3.5.3 Sistema interamericano

A história do Continente americano denuncia o horror das guerras empreendidas pelo colonizador, que dizimou populações indígenas inteiras, saqueou suas riquezas – a prata e ouro preponderantemente – e trouxe doenças e epidemias, deixando como herança uma sociedade escravocrata, tão bem retratada por Gilberto Freire em “Casa Grande e Senzala”, e, especificamente no caso do Brasil, uma elite cuja mentalidade ainda pertence ao colonizador.

As desigualdades sociais sempre fizeram emergir movimentos de libertação, que, no entanto, foram imediatamente reprimidos pelos “donos do poder”, sacrificando- se a democracia. As sociedades ainda hoje sofrem com essa estranha realidade.

O Estado nos países latino-americanos, sobretudo, só se fez presente na vida das populações mais carentes para reprimir e impor rígidos Códigos de conduta. Com elevados índices de desigualdade, exclusão social e um histórico de interrupções sucessivas do processo democrático, a região também tem demonstrado uma alta tolerância à impunidade e à violência.

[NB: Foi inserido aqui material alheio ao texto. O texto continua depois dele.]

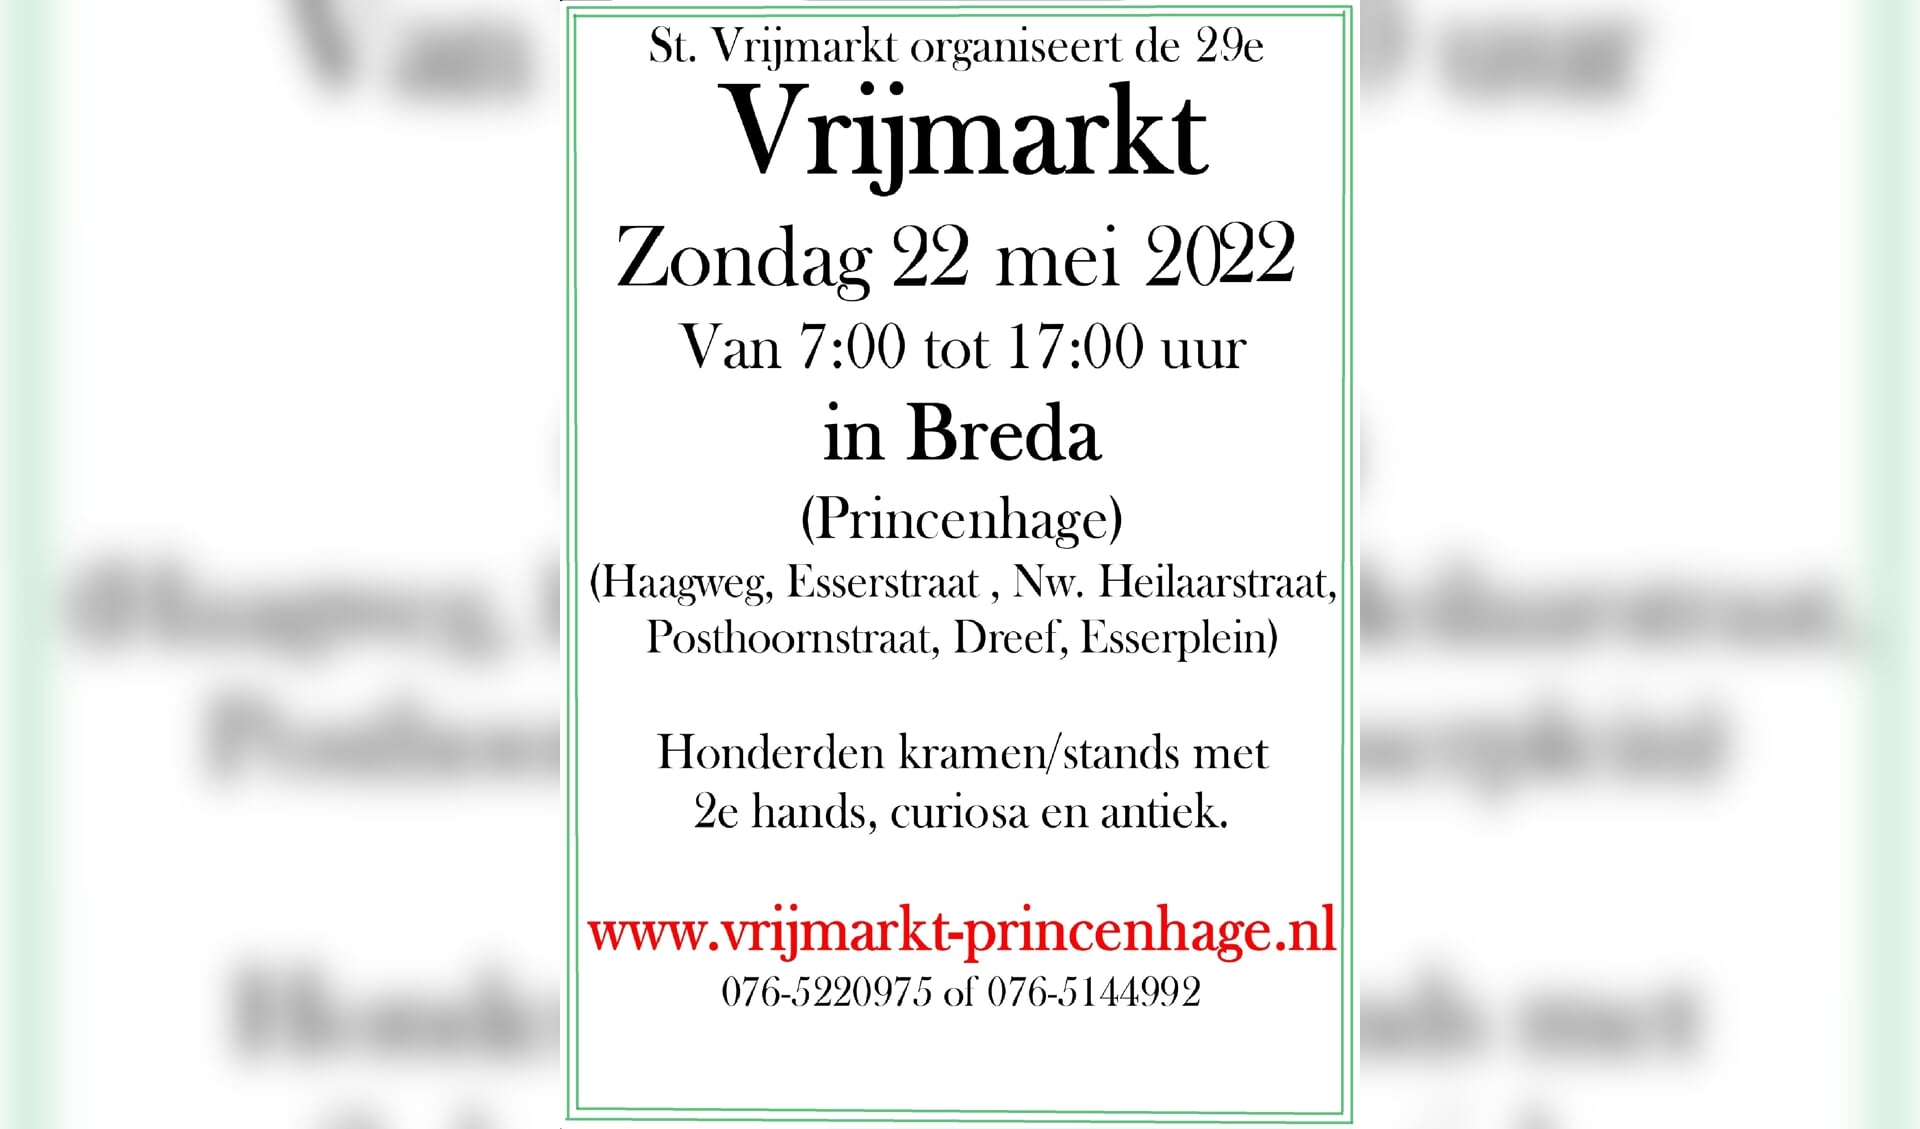 Affiche aankondiging Vrijmarkt  Breda Princenhage

Para muitos, o maior desafio dos latino-americanos é consolidar o regime democrático, de forma que se respeitem os direitos humanos civis, políticos, econômicos, sociais e culturais. Entretanto, sabe-se que para se vencer tal desafio a presença do Estado deve ser marcada por clara e inequívoca opção pelo desenvolvimento econômico voltado à inclusão social, ao respeito à natureza e ao aproveitamento das riquezas naturais, com alto investimento em pesquisa científica à procura de alternativas energéticas, a fim de se estabelecer uma nova relação de poder Norte/Sul e, assim, consagrar a independência regional em sua plenitude. Por tais

características é que a Declaração de Direitos Humanos de Viena de 1993, ao conjugar de maneira indissociável democracia, direitos humanos e desenvolvimento, também representa para a região uma espécie de Carta Náutica.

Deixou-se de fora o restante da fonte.